Third: there is a clear relationship between the economic help we are ready to give and the full respect for the peace agreement that we demand.
We must now operate under the clear assumption that the agreements that have been signed by all of the parties will also be fully implemented by all of the parties, and plan our activities accordingly. There might well be bumps on the road in coming months, but the direction in which everyone will be travelling should be clear. As we progress, the situation will have to be re-assessed. Political developments will be of particular importance in this regard. Let me mention the importance of progress towards elections, the full respect for human rights and the work of the International Criminal Tribunal for Former Yugoslavia.
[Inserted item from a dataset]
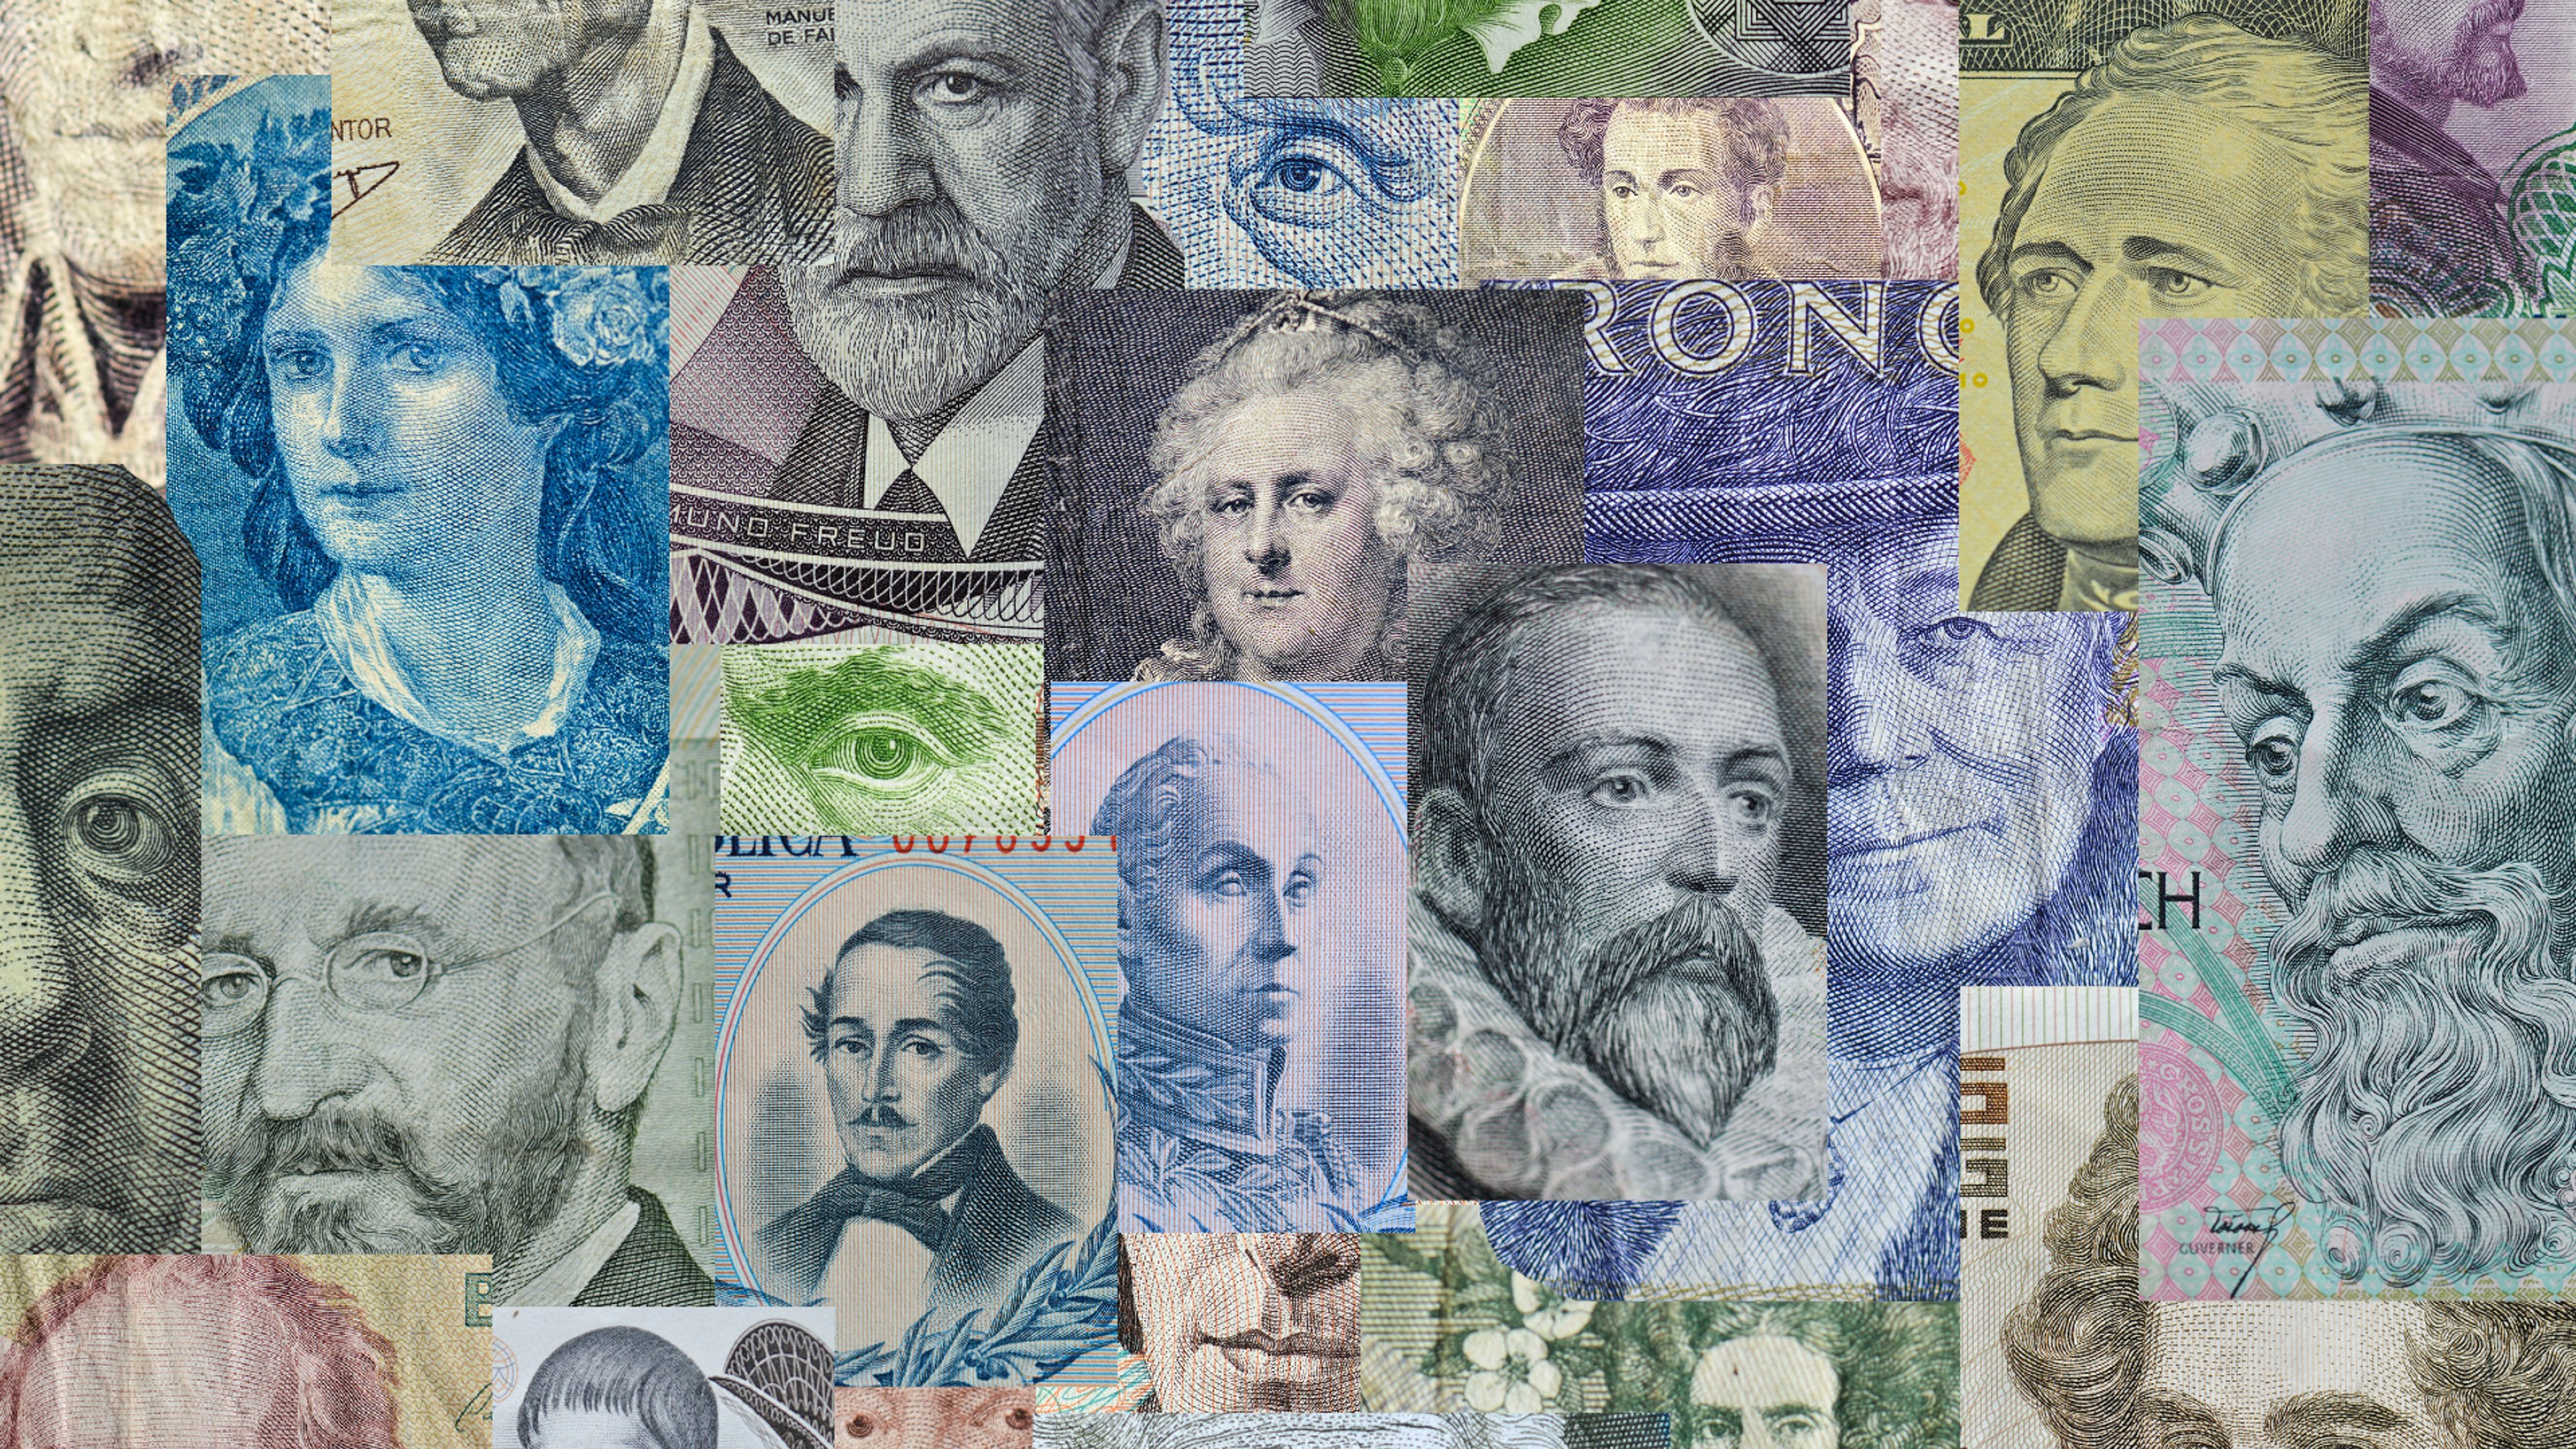 A collage of various international banknotes featuring portraits of historical figures.

The High Representative, following discussions with the Steering Board of the Peace Implementation Conference, must then be ready to give the political guidance that might be necessary. It should be clear that failure to fulfil the obligations undertaken will have its impact on the future course of international assistance.
Fourth: It is primarily the efforts of Bosnia itself that will determine economic developments in coming years.
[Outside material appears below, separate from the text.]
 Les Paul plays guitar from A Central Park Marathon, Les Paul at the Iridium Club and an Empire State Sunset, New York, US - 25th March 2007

No amount of international economic assistance can ever help if there are not the right conditions for economic activity to start, take hold and prosper. There is practically no limit to the damage that bad economic policies and wrong structural measures can do to an economy and to a society.
It is therefore of the utmost importance that the governments of the Federation, as well as the Serb republic, begin as soon as possible to develop the right macroeconomic framework for economic development, and that they are ready to do this as much as possible in close co-operation. The function of the High Representative, through the Joint Interim Commission, is ready to offer its help also in this respect.
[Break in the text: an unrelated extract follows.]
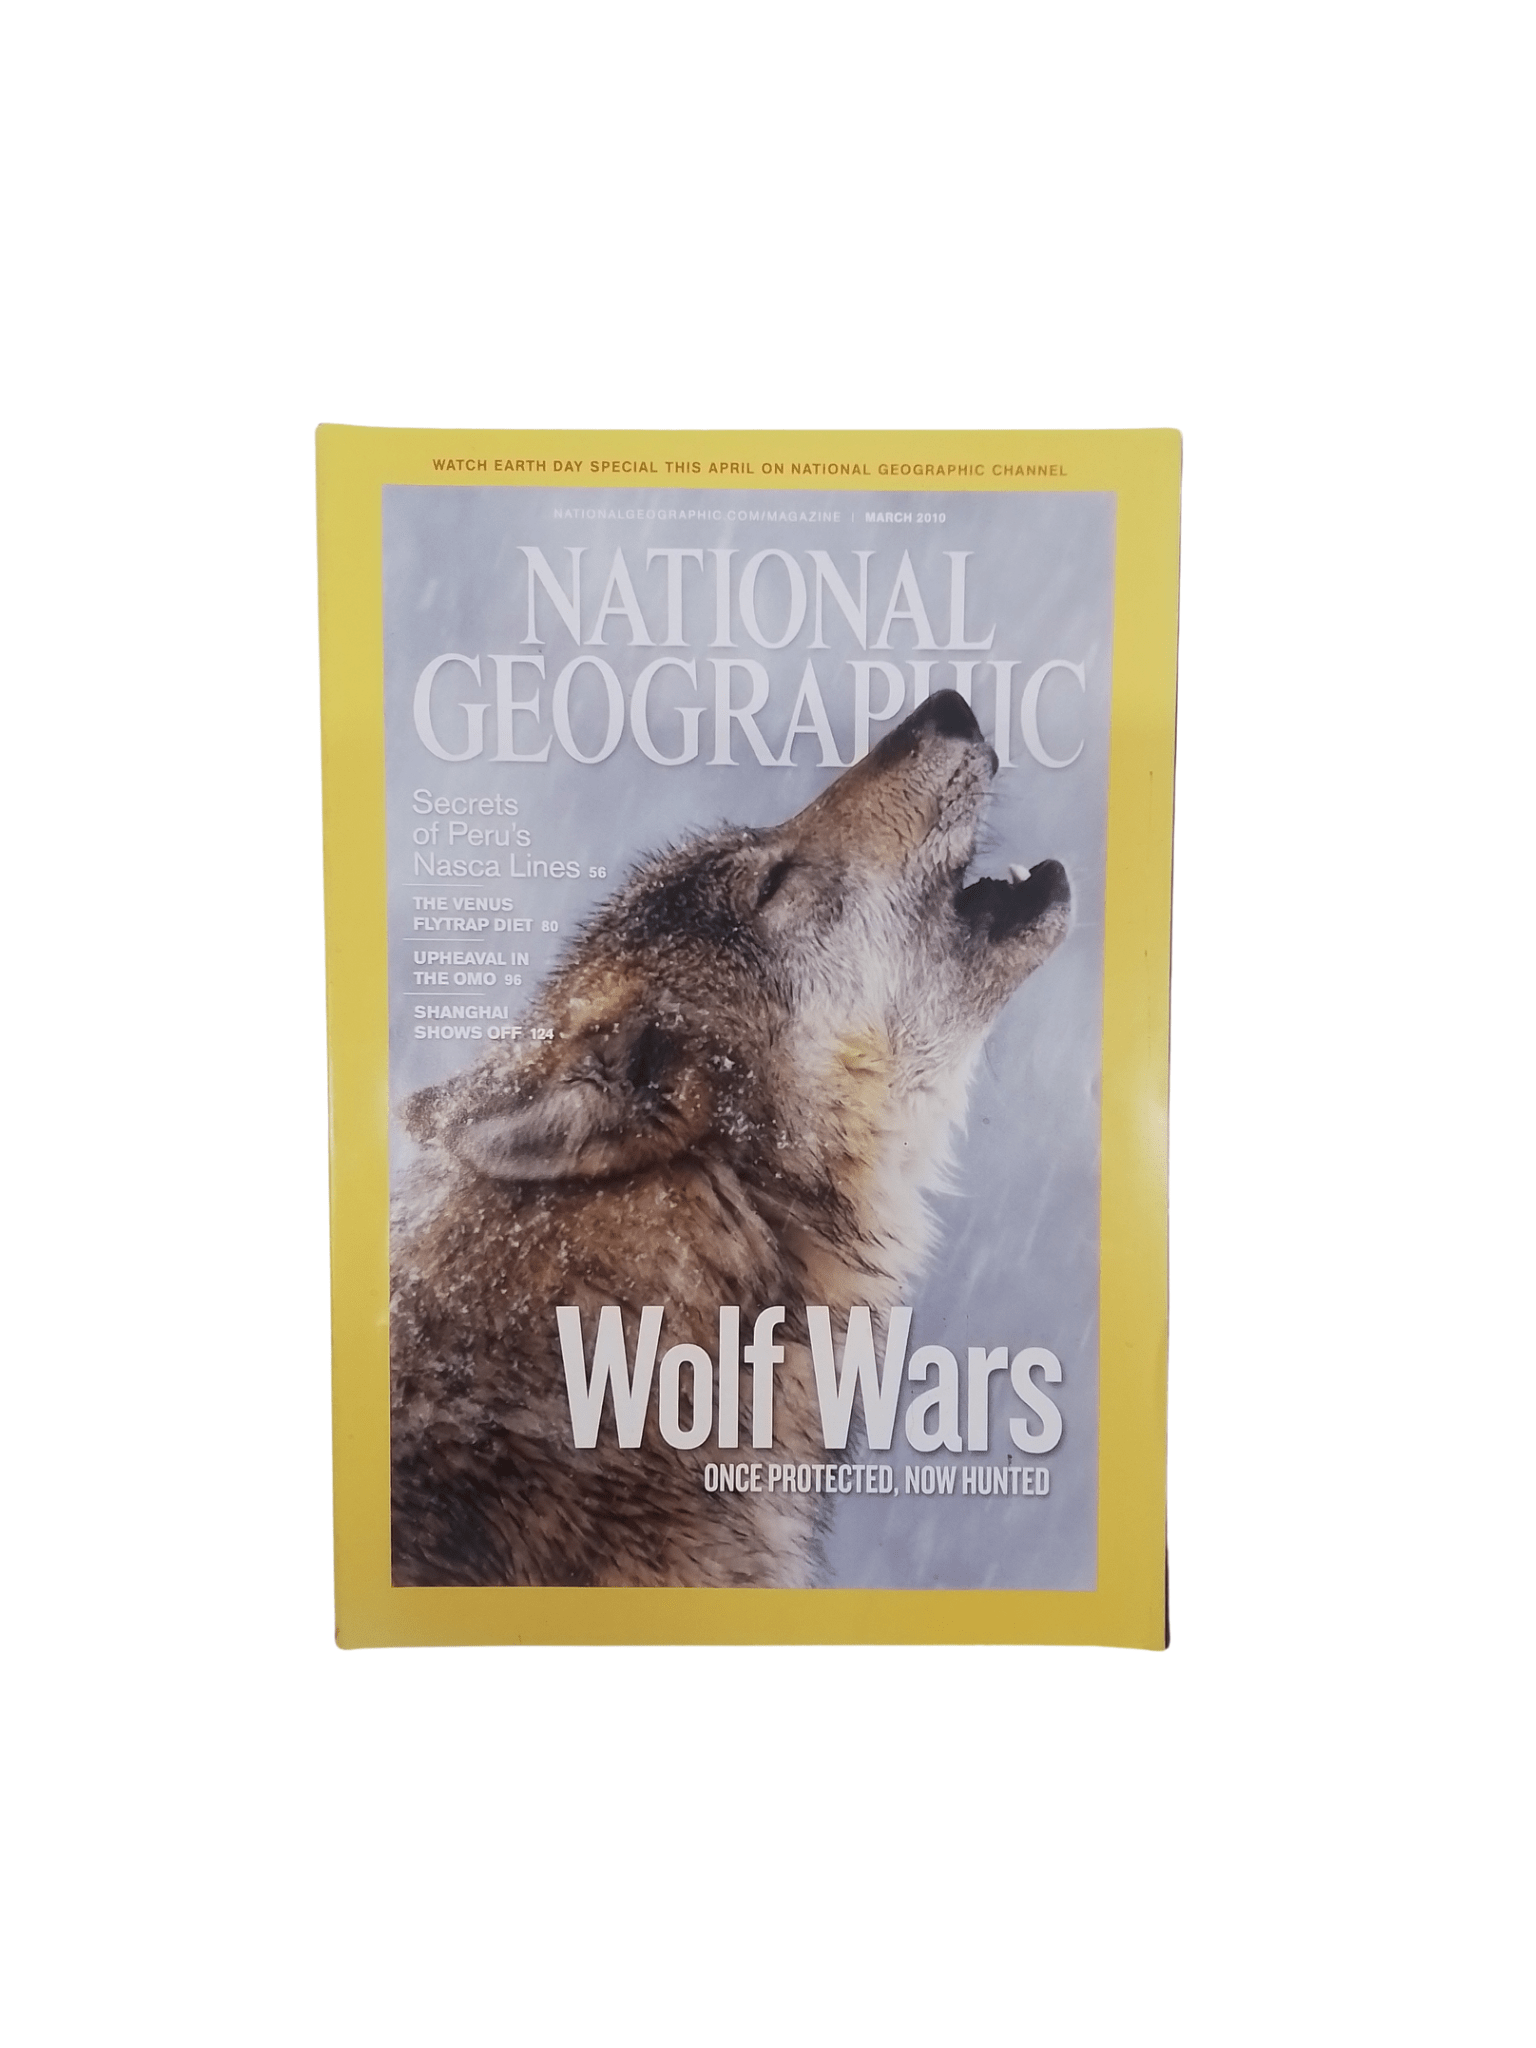 Vintage National Geographic March 2010 - Mu Shop

There must be clear property rights. There must be sound money. There must be the freedom to trade and to start businesses. There must be the legal framework necessary for an open and prospering economy, and there must be the financial system ready and able to support it. There must be sound public finances, with revenues sufficient to cover all the expenditures that will be necessary.
If all of this is in place, the efforts of the international community can make a most important contribution to the economic development of Bosnia. But we must understand that if these conditions are not there, no amount of assistance can help. The example of Yugoslavia during the 1980s serves as a reminder of what might happen under these circumstances.
Fifth: No country can prosper without free and close economic relations with its neighbours and the outside world.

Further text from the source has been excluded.